RM: During the economic downturn, those types of customers also developed new skills sets, handling different applications and offering other services that they didn’t offer before.

Rodier: Research shows contractors who were traditionally doing one or two types of contracting now do four or five. They go to their same customer base and now they say they can take out a stump, aerate turf, help with patios and extend their reach. Whether it is a contractor or rental stores that rent our products to these customers and the do-it-yourselfers who are comfortable with taking on these types of projects, they want an easy product to use because they don’t run a stump grinder or compact loader that often. They already may have a Toro lawn mower, so when they go to the rental store and they see our brand on other products, they are comfortable.

RM: Why did Toro develop a strategy around the rental market?

Rodier: Even though we strategized about rental three years ago, rental always has been a good customer for our Sitework business. A good percentage of our products are sold into the rental channel, including wheeled and tracked compact loaders and trenchers. We looked at customer needs and where the market was going to go. The recession was difficult and we felt that the rental market would come out healthier and faster. We wanted to be in a position to react to that with our brand. We were already there with some products, but we also wanted to expand our presence, which resulted in the acquisitions of companies like US Praxis, Lawn Solutions and now Stone Construction Equipment. In the product categories that we have expanded — like tree care and turf renovation — we felt there was room for bigger brands to be there.
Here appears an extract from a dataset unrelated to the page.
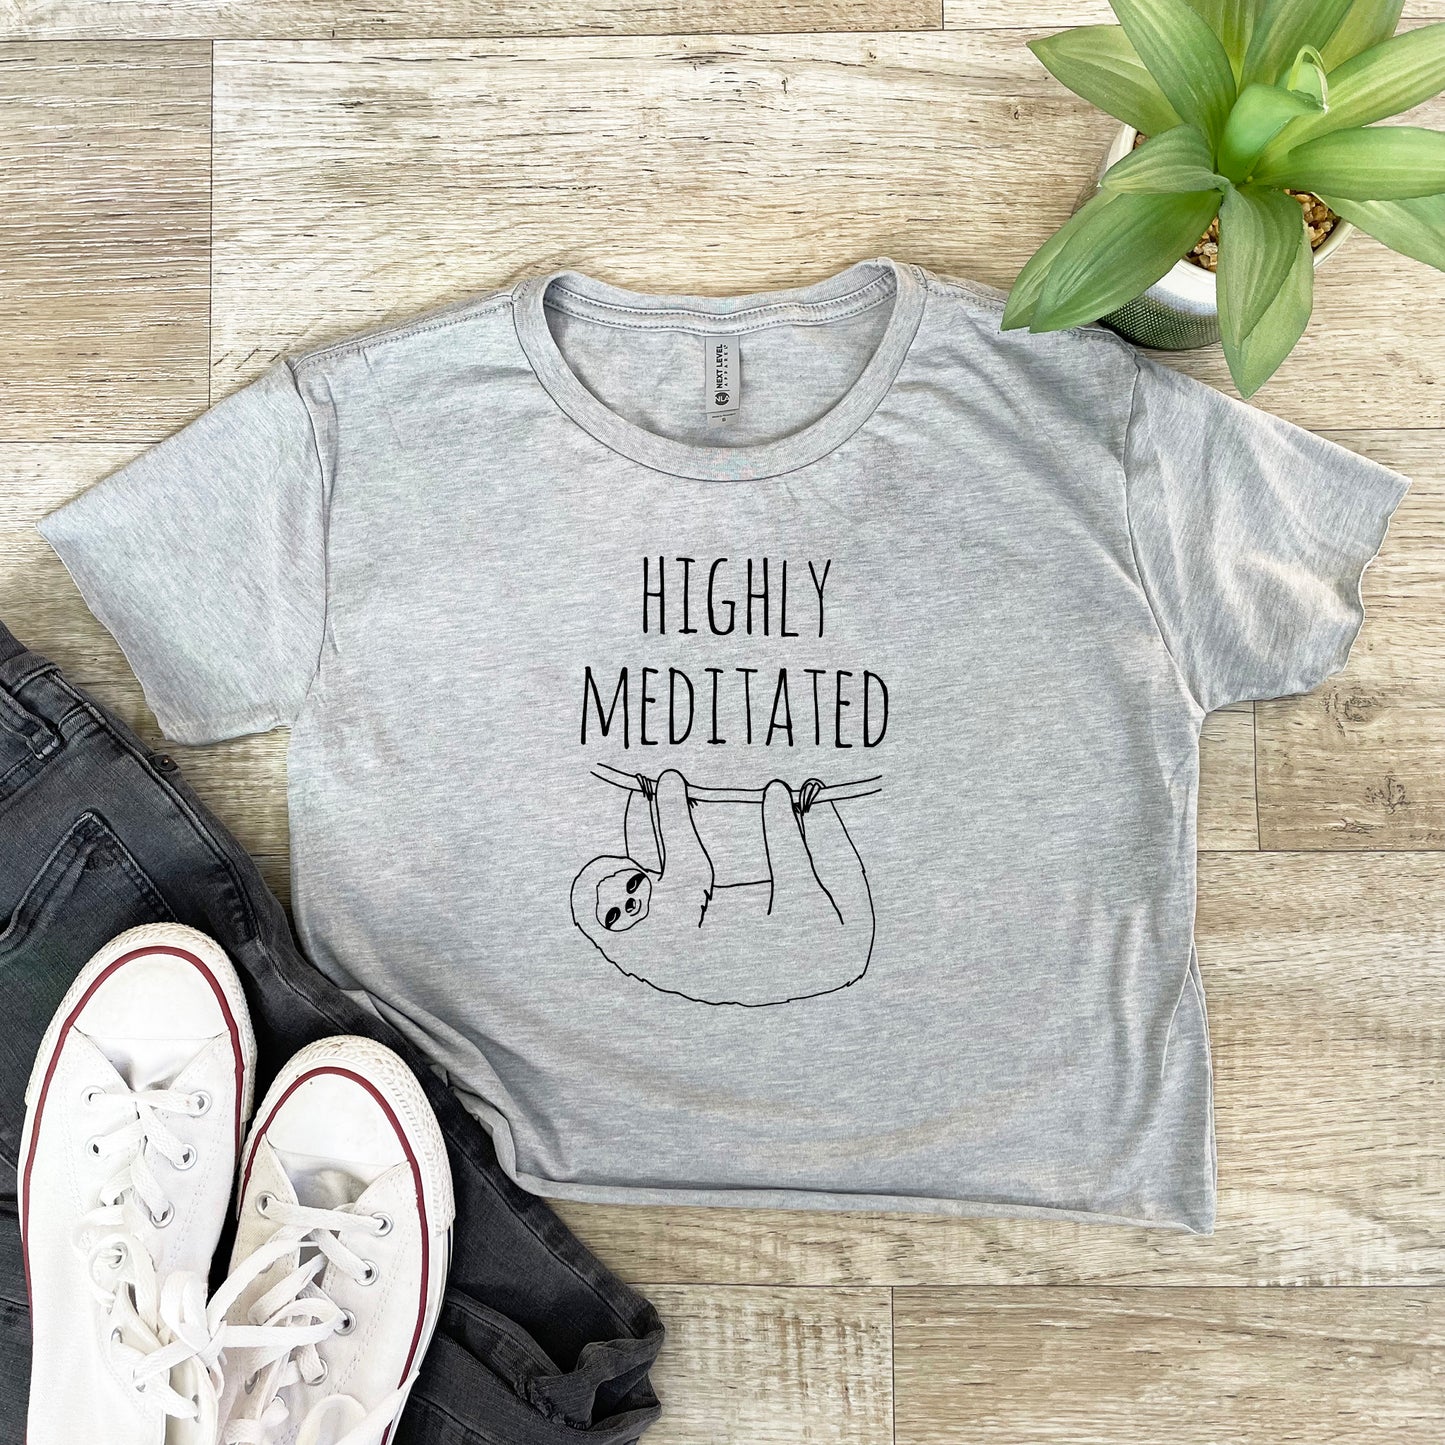 Highly Meditated (Sloth) - Women's Crop Tee - Heather Gray or Gold

RM: Are you acquiring all of Stone or just selected product lines?

Rodier: This is an asset purchase that includes all of the assets of Stone as it relates to all of their product categories and anything related to manufacturing all these lines such as inventory, finished equipment, parts, tooling fixtures and anything needed to build the products, but not the building or machines in the facility.

RM: What does this mean for Stone employees?
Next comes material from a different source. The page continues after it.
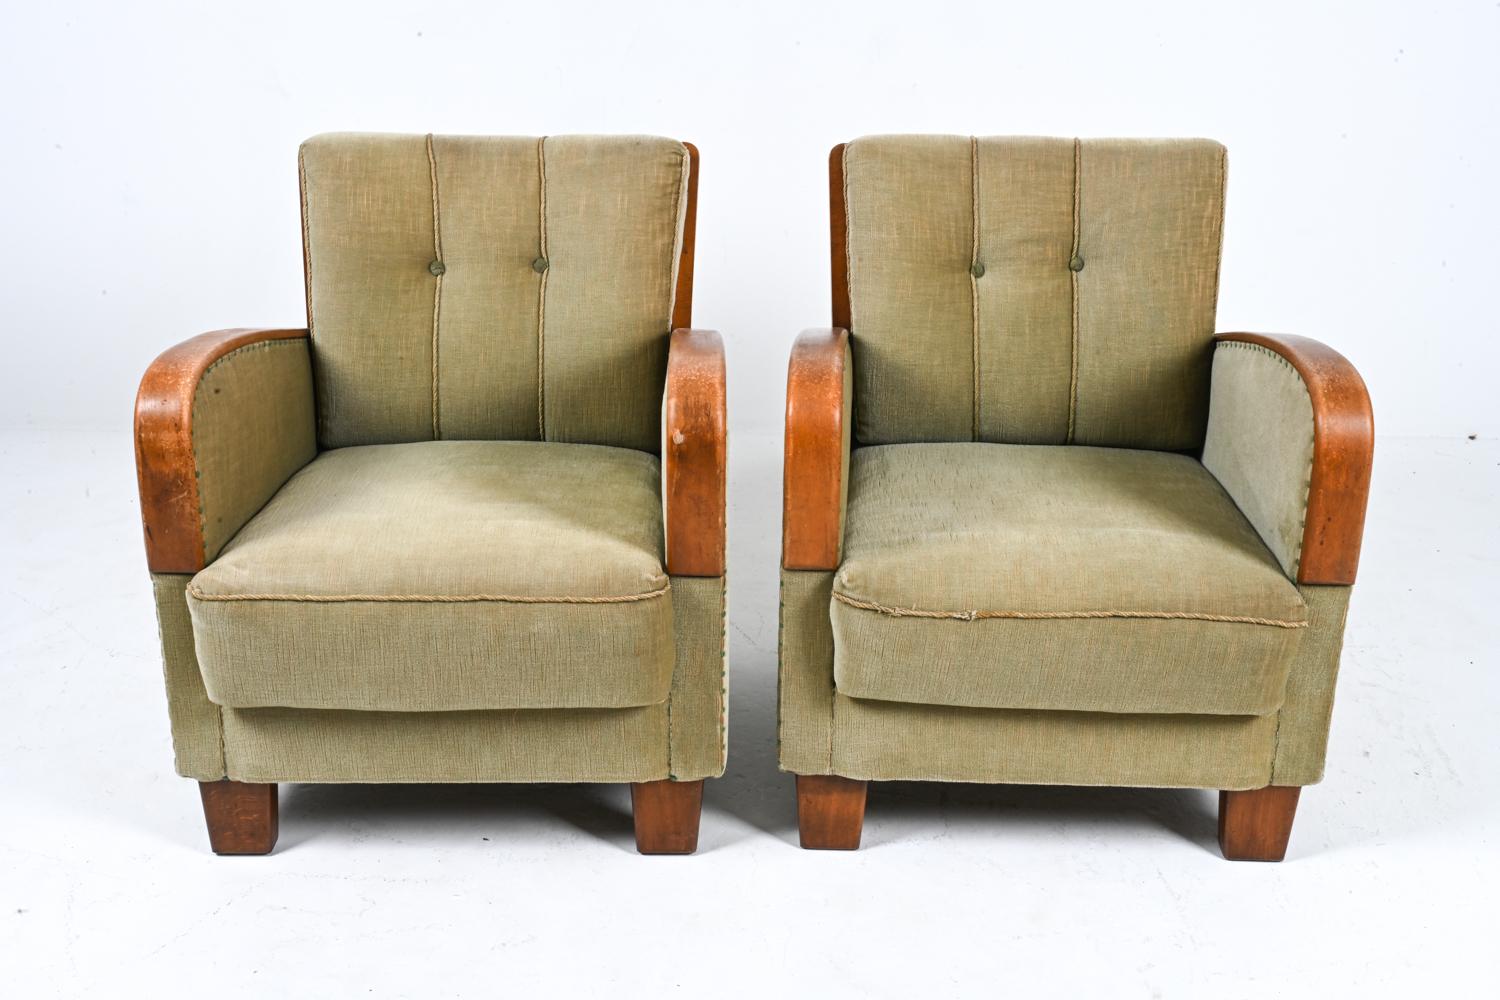 20th Century Pair of German Art Deco Oak Easy Chairs, c. 1940's For Sale

Rodier: We’re working to bring Stone folks back to work to help produce the products. That’s our focus right now. However, when a transition in manufacturing takes place, it is unlikely that there will be opportunities for manufacturing or assembly long-term. We will look at other opportunities for those who can help in our business and there will be a transition to Toro opportunities. We are working through the sales force to see how this fits together. When we have made other acquisitions, we have provided Toro employment opportunities.

RM: What does this mean for Stone customers?
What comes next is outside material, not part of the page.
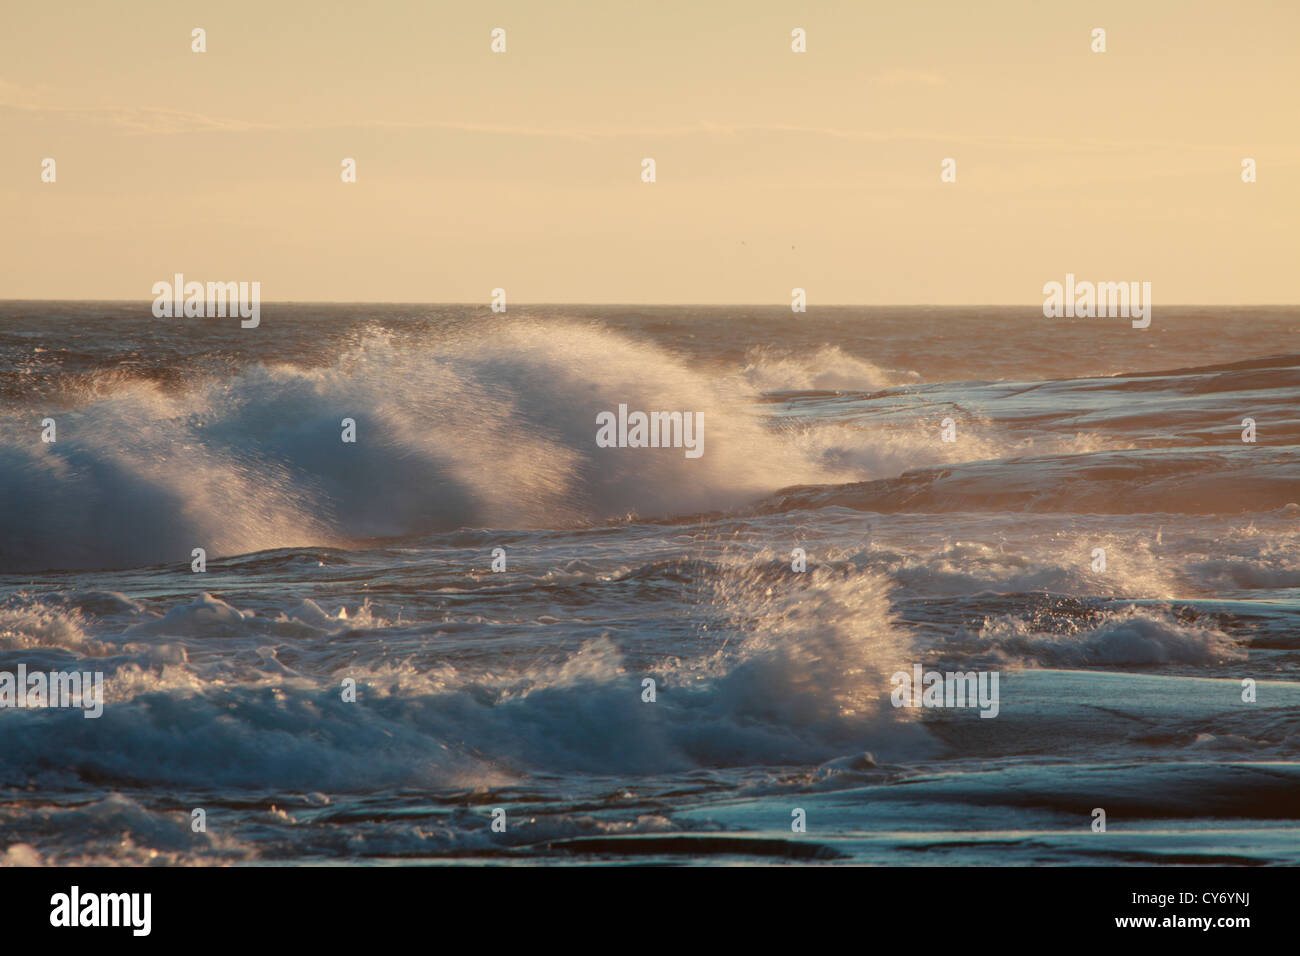 Storm-driven waves are crashing against the rocky coast of the Baltic Sea in Sweden. Stock Photo

Rodier: Stone customers are very loyal customers. They buy Stone equipment for a reason — they like it. Stone makes quality equipment and like our Toro brand, Stone took care of its customers. We will do the same. Once the acquisition was made, we spent a good chunk of the next two days to get the plant reopened. We had to contact vendors to get parts into the plant and go back into production to take care of backlog orders. We have learned that Stone had done a great job of moving its operations to “build to order.” They can react quickly to demand. We contacted customers to deal with backorders or to place new orders. One customer had been waiting on product since January. We apologized and he said he would continue to wait because a Stone mixer is what he wanted.

RM: How will Stone be represented to the rental industry?

Rodier: We are working through that. We have Stone folks coming on board to represent Toro with a short-term focus on Stone because they know the products and customers. We want to get people on board who helped drive business in the field.

RM: Will you keep Stone in Honeoye, N.Y.?

Rodier: We have laid a foundation with what we’ve done with similar acquisitions. We’ve worked with facilities and people with transition. We will have the plant running through the summer and into the fall, but it is unlikely that we will be there long-term. The products fit our core competency in manufacturing. We have a number of plants in the Midwest and these types of products fit well with our current assembly, vendors and components.